Die Erfahrungen aus Hürtgenwald, Sundern und Möhnesee müssen systematisch ausgewertet werden. Dabei darf es nicht bei Ankündigungen bleiben. Nordrhein-Westfalen braucht verbindliche Konsequenzen für den Brand- und Katastrophenschutz.

Dazu gehören mehr geländegängige Löschfahrzeuge, Drohnen und Wärmebildkameras, mobile Wasserbehälter, leistungsfähige Pumpen sowie Material für lange Löschwasserleitungen. Die Beschaffung darf nicht allein von der Finanzkraft einzelner Kommunen abhängen. Spezialtechnik muss landesweit so verteilt und organisiert werden, dass sie bei Großbränden innerhalb kurzer Zeit zur Verfügung steht.

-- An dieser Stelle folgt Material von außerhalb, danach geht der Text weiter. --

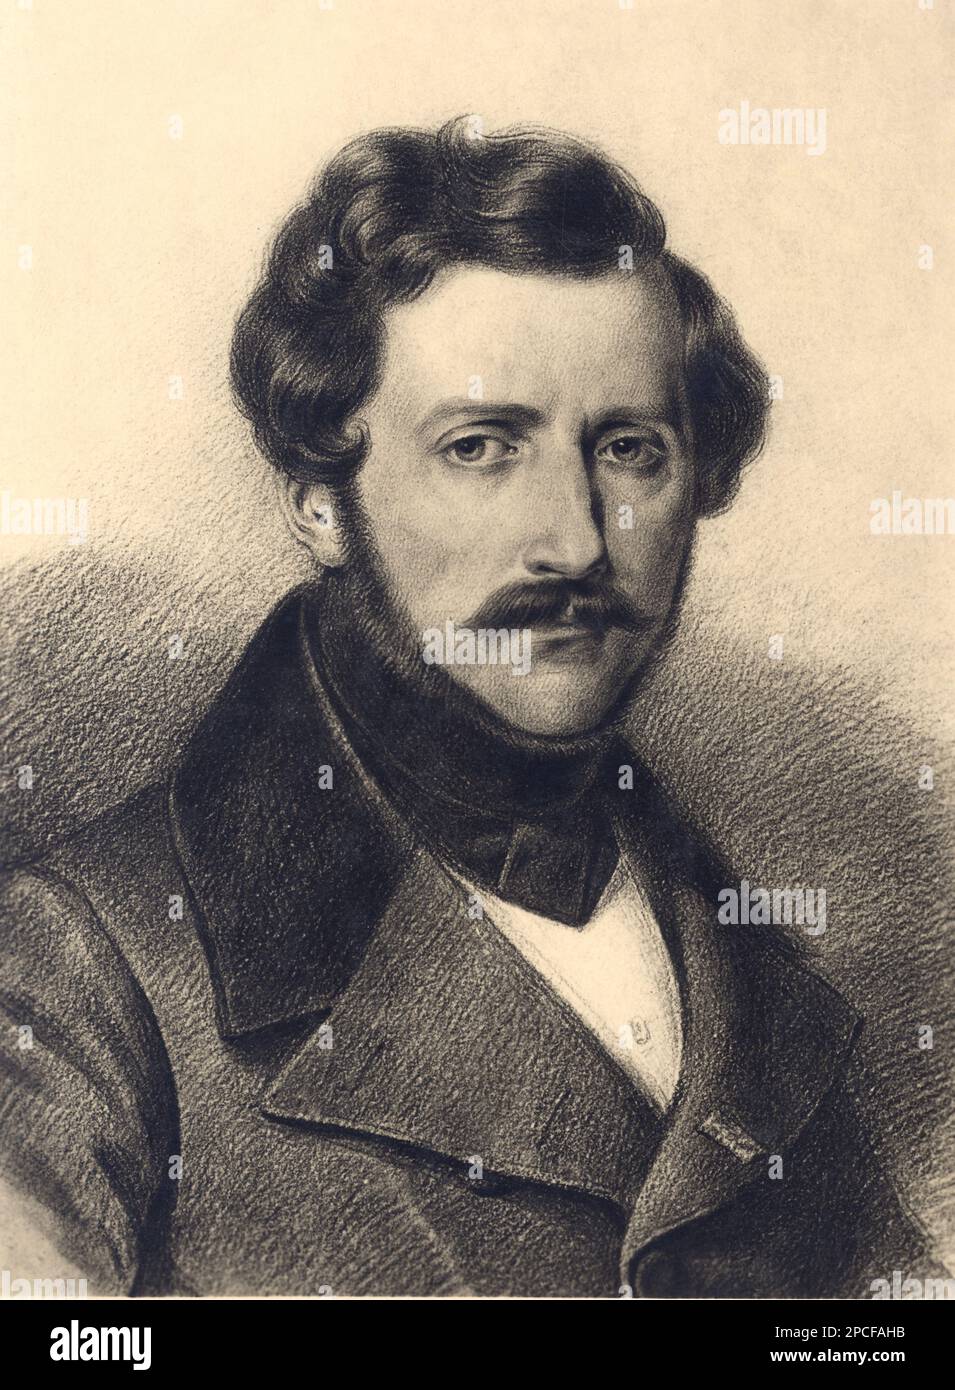 Il celebre compositore d'opera GAETANO DONIZETTI ( Bergamo 1797 - 1848 ) - COMPOSITORE - OPERA LIRICA - CLASSICA - CLASSICA - RITRATTO - ritmo - MUSICA - MUSICA - BARBA - BARBA - BARBA - MUSTACHE - BAFFI --- ARCHIVIO GBB Foto Stock

Ebenso wichtig sind verlässliche digitale Einsatzkarten, bekannte Zufahrtswege, ausreichend dimensionierte Löschwasserstellen und eine sichere Kommunikation zwischen Feuerwehren, Forstverwaltung, Polizei, Hilfsorganisationen und weiteren Beteiligten. Gemeinsame Übungen müssen regelmäßig stattfinden – auch über Kreis-, Landes- und Staatsgrenzen hinweg.

„Im Ernstfall darf wertvolle Zeit nicht durch unklare Zuständigkeiten, inkompatible Systeme oder bürokratische Hürden verloren gehen“, fordert Bachhausen. „Wir brauchen ein gemeinsames Lagebild, klare Führungsstrukturen und vorbereitete Verfahren für die schnelle gegenseitige Unterstützung.“

Das Land muss außerdem das Ehrenamt dauerhaft stärken. Dazu gehören bessere Möglichkeiten zur Freistellung, ausreichende psychosoziale Betreuung nach belastenden Einsätzen, moderne Schutzausrüstung und eine verlässliche Finanzierung von Aus- und Fortbildungen.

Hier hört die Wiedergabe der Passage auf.